Un anno e 20 giorni fa perdevo una persona amata. Nello stesso doloroso anniversario, il Regno Unito sceglieva di perdere l’Europa unita. Ognuno di noi ha vissuto – o vivrà – l’irreversibilità di episodi simili. Questi sono i giorni in cui ci sentiamo inevitabilmente sconfitti e rimpiangiamo tutto ciò che avremmo potuto fare – e che non potremo più.
Ma neanche l’inevitabilità della morte o la tristezza di un divorzio sono problemi dalle conseguenze irrimediabili. Al contrario, “i semi della resilienza si piantano
nell’affrontare le tragedie della nostra vita” – come esemplifica Sheryl Sandberg, COO di Facebook, nel raccontare il superamento della perdita del marito ai laureandi di Berkley.
Il segreto per passare da resa a resilienza sta in tre “P” che sono il risultato di decenni di ricerca condotta dallo psicologo Martin Seligman e che possono essere riassunte nelle seguenti ricette.
Nulla è personale.

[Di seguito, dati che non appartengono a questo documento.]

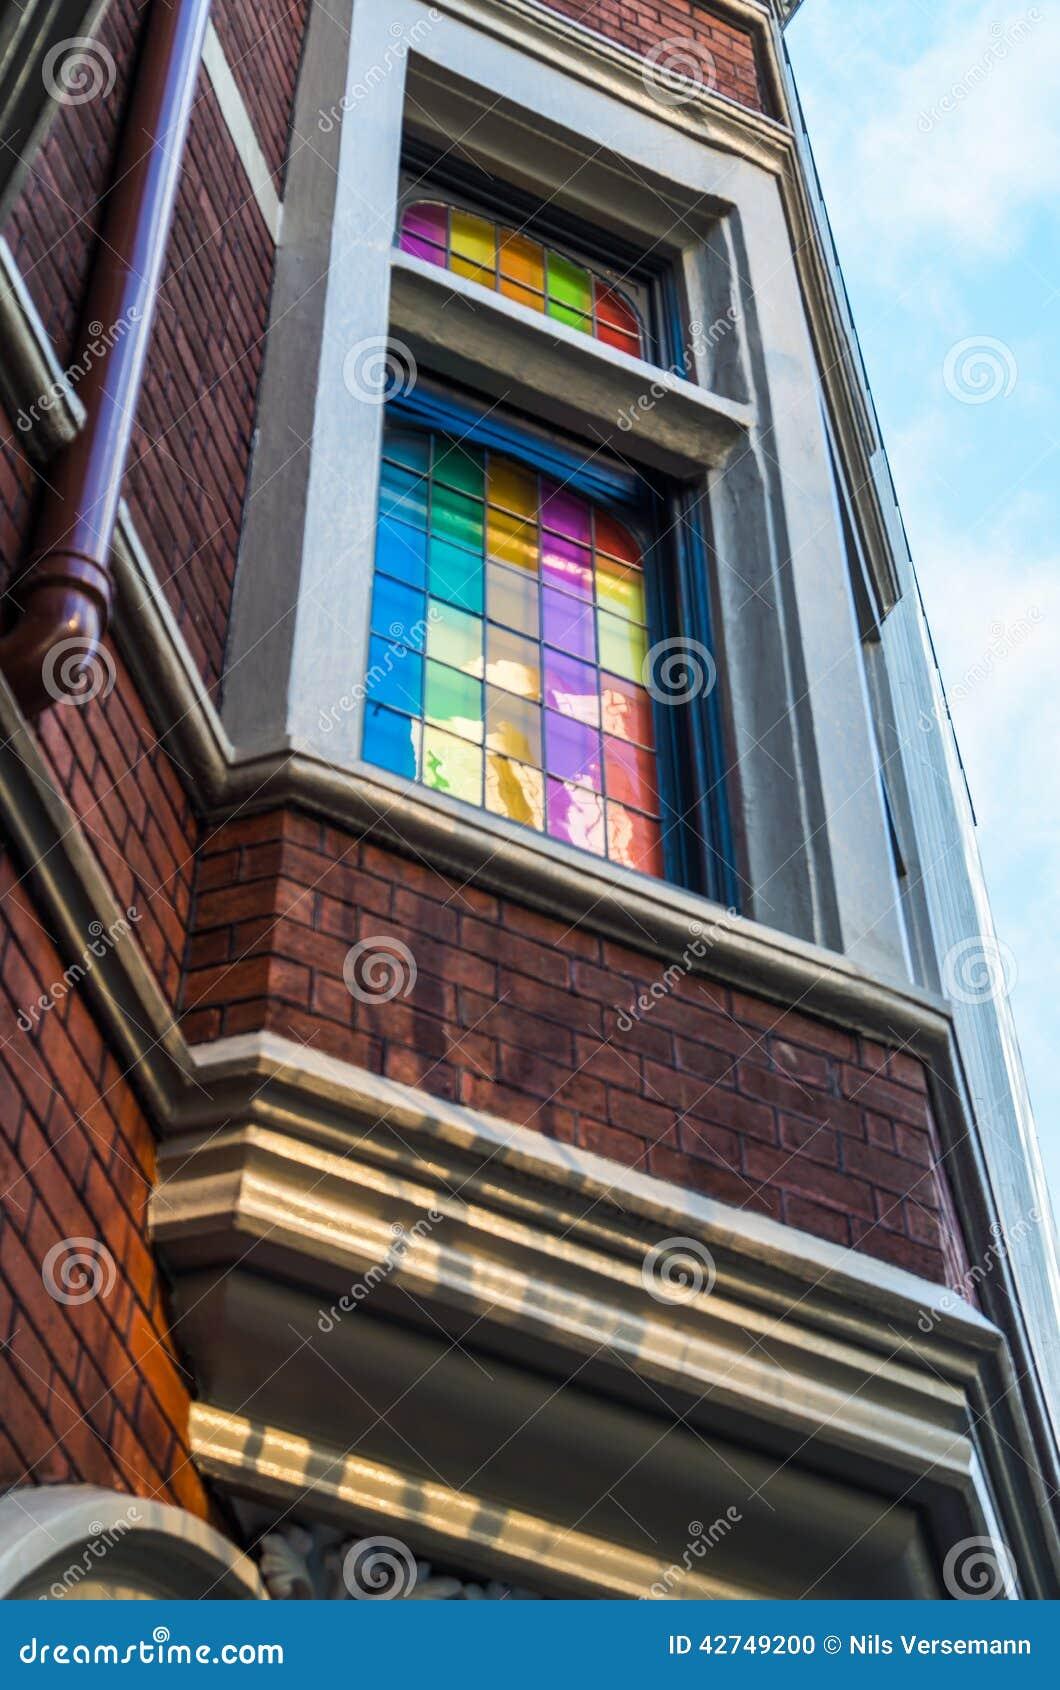 Carreaux de fenêtre colorés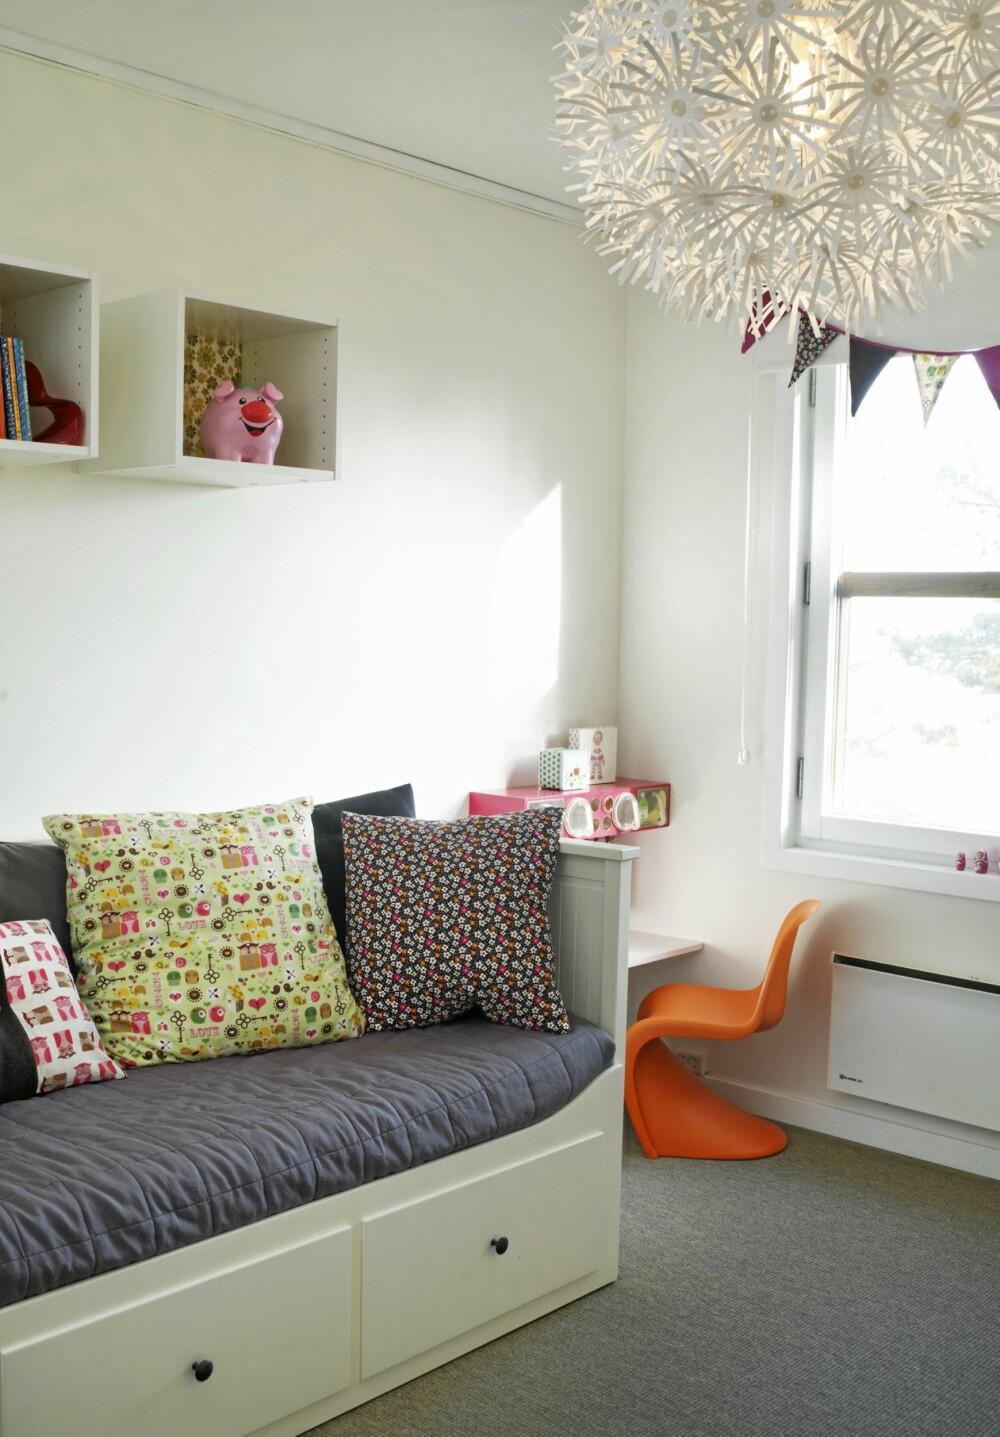 SENG FOR DAG OG NATT: En daybed med oppbevaringsskuffer under fungerer som sofa om dagen og seng om natten. Vegg-til-vegg-teppet gjør det lunere for barna å leke på gulvet.

La personalizzazione è il processo secondo cui ci concentriamo sul latte versato e ci addossiamo le responsabilità dell’accaduto. “Avrei potuto tirare quel rigore differentemente.” “Avrei potuto spendere più tempo con mio nonno prima che se ne andasse.” La chiave per trasformare il fallimento in futuro è osservare gli eventi come tali e non come proiezioni della nostra persona.
Nulla è pervasivo. Quella che potremmo chiame la “sindrome di Fantozzi” è la tendenza a trasformare un incidente specifico in una legge universale, l’inclinazione a vedere tutto nero. Tuttavia, lasciarsi con una fidanzata non vuol dire essere destinati alla solitudine, ad esempio. Spezzare questo circolo vizioso richiede concentrarsi su dettagli positivi. Come? Studi scientifici dimostrano che scrivere tre ragioni per cui siamo grati a fine giornata o mandare quotidianamente un messaggio per dire “grazie” sono esercizi di resilienza e,
addirittura, produttività.
Nulla è permanente. “Ora e per sempre” può essere tanto una promessa quanto una trappola. Emozioni come tristezza e dolore non possono essere rinnegate – dire ad un’atleta “non essere delusa” al termine di una sconfitta è inefficace, insensibile e poco intelligente. Ma accettarle non vuol dire renderle una condizione permanente.
Eventi come la morte sono indesiderati, ma inevitabili.
Viverne le conseguenze negative in maniera personale, pervasiva e permanente è, a lungo termine, dannoso quanto il fumo o l’obesità, per noi e per chi ci circonda. Rovesciare le tre P vuol dire scegliere felicità e resilienza.